Derek Simmons: So what did the page actually say about AI? Was it a separate line item, a feature bullet? How was it presented?
Elena Reyes: Because that's the categorization problem we flagged. If your pricing page uses the word AI anywhere near a usage or credit metric, you just told every enterprise procurement team exactly which budget bucket to drop you into.
Derek Simmons: The hard-capped one.
Elena Reyes: Exactly. And once you're in that bucket, you're competing against Uber's $1,500 per tool cap. cap not against your actual value.
Derek Simmons: Okay, so what changed? Walk me through the specific page at it.
Elena Reyes: And the 2026 pattern that's actually working, according to OpenView's benchmarks, is a subscription floor with usage upside, base fee that maps to a familiar budget line, then metered AI features on top. Companies running that hybrid structure are reporting NRR roughly six to ten points higher than pure subscription peers.
Derek Simmons: Wait, so the base fee isn't just a revenue thing, it's a budget categorization thing.
Elena Reyes: That's the whole move: you get out of the AI tool budget and back into software budget. Same product, different line item on their spreadsheet.
Derek Simmons: Huh, so did that actually shift the close rate?
Elena Reyes: That's the question. What was close rate before, what was it after, and how many deals went through before you had enough data to call it a trend and not luck? Luck.
Derek Simmons: Because three deals is not a trend. I've seen this before, where a founder changes two things at once and then credits the pricing page.
Elena Reyes: Sure.
Derek Simmons: Yeah, yeah. So let's talk about outcome-based pricing for a second, because I know it came up in your pitch materials. Gartner projects 40% of enterprise SaaS contracts will include outcome-based components by end of 2026, which sounds huge.

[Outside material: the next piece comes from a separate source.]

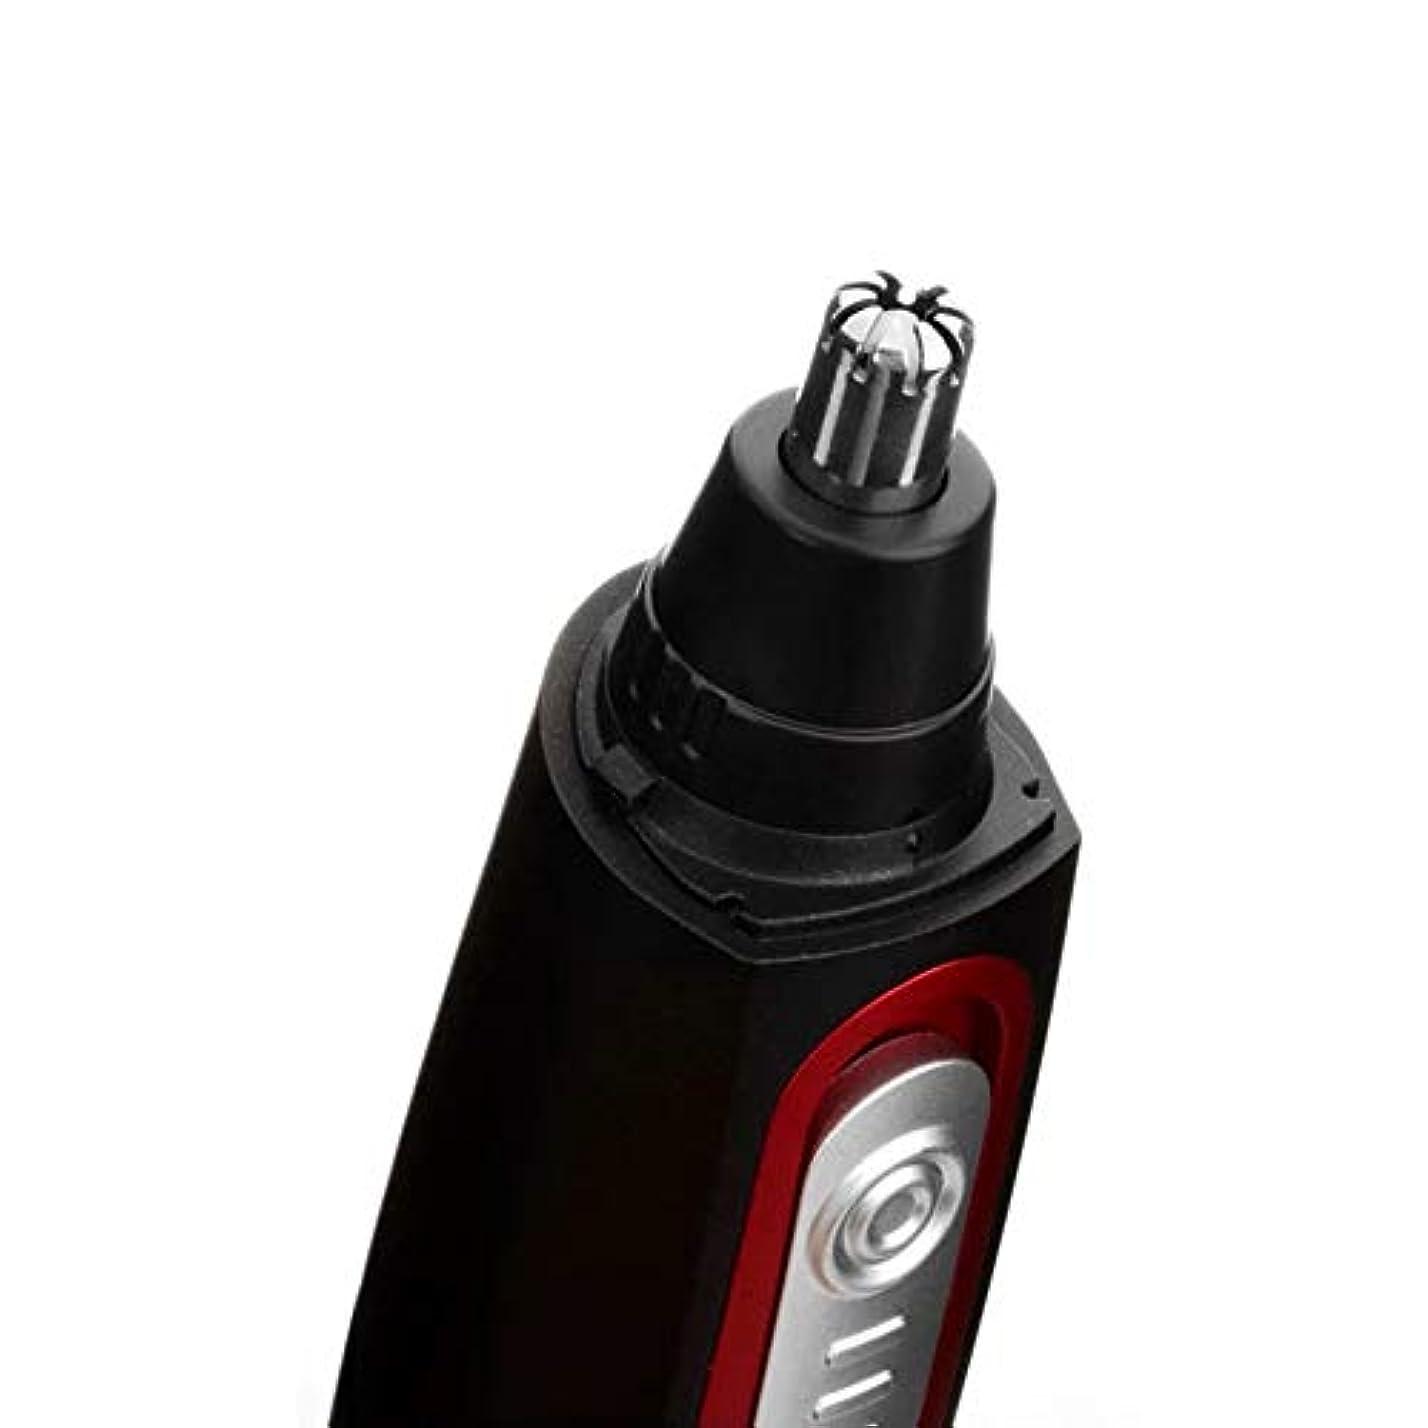 カレッジ貼り直す息切れノーズヘアトリマー/メンズシェービングノーズヘアスクレーピングノーズヘアハサミ/ 360°効果的なキャプチャー/三次元ロータリーカッターヘッドデザイン/ 14cm 操作が簡単

Elena Reyes: Right, but here's the number nobody puts in the deck. According to NxCodes February 2026 pricing data, only 9% of companies have actually fully implemented it.
Speaker 3: So the gap between we're exploring outcome pricing and we have an outcome pricing model is enormous.
Elena Reyes: Enormous. Yes, and at 200K to 5M ARR, I want to know, did outcome pricing actually close deals, or did it just sound great in the intro slide?
Speaker 3: Real talk, because I've watched founders pitch outcome pricing who cannot tell me how they'd measure the outcome, let alone enforce it in a contract.
Elena Reyes: Hmm, attribution is the whole problem. If your AI helps close a deal but a human rep was on every call, what did you actually deliver?
Speaker 3: And procurement is not signing a contract where outcome is fuzzy.
Elena Reyes: No. So what you probably did, if we're being honest, is land on a hybrid. Hybrid. Base subscription, usage layer on top. Maybe outcome language in the deck to get the meeting, but a hybrid structure to close it. Which brings up the next thing, because the pricing page is only half the fix. What does your rep actually say on the call when the buyer still invokes the AI budget cap even after seeing the new page? That's where the architecture and the live conversation have to match. And that's exactly where we're going next. next
Speaker 3: So, the pricing page gets buyers past the first filter. But here's the thing. A rep still picks up the phone and the buyer says, we've already spent our AI tool budget. What do the first 30 seconds sound like?
Elena Reyes: Right. And this is where most reps just fold or pivot to a discount. Neither of those works.
Speaker 3: Neither works. So walk me through the actual words.
Elena Reyes: Script that moved the needle was basically this. Before we go there, I want to ask one question. When you say AI tool budget, are you referring to your IT operations bucket or your software productivity line? That's it, first 30 seconds.
Speaker 3: Hold on, that's not a pricing conversation. That's a categorization audit right there on the call.
Elena Reyes: Exactly, because 90% of CIOs told Zylo that cost forecasting is their top challenge in AI deployment. The buyer doesn't want to say no to your product, they want a reason to move it to a different line item.
Speaker 3: item so the rep isn't selling they're handing the buyer a shovel to dig themselves out of the wrong budget bucket that's a much better way to put it okay but let me stress test that what if the buyer says no it's all one pot and that pot is locked fair
Elena Reyes: Then you've learned something valuable in 30 seconds instead of 30 days.
Speaker 3: but what actually moves close rates back because that script addresses the opening objection what did the dashboard look like the months Things started recovering.
Elena Reyes: So the first metric that moved was meeting to proposal conversion, not close rate. Proposals.
Speaker 3: Seriously? Not close rate first?
Elena Reyes: Nope, because the old objection was killing deals before a proposal even went out. Once the categorization question stopped the bleed, proposals went out. Close rate came back maybe six weeks later.
Speaker 3: And what did the team think was working that turned out to be wrong?
Elena Reyes: Oh, this is.
Derek Simmons: This is good. They credited the pricing page redesign
Elena Reyes: Right.
Derek Simmons: like fully convinced the new page was doing the work.
Elena Reyes: Plot twist, it was the call script.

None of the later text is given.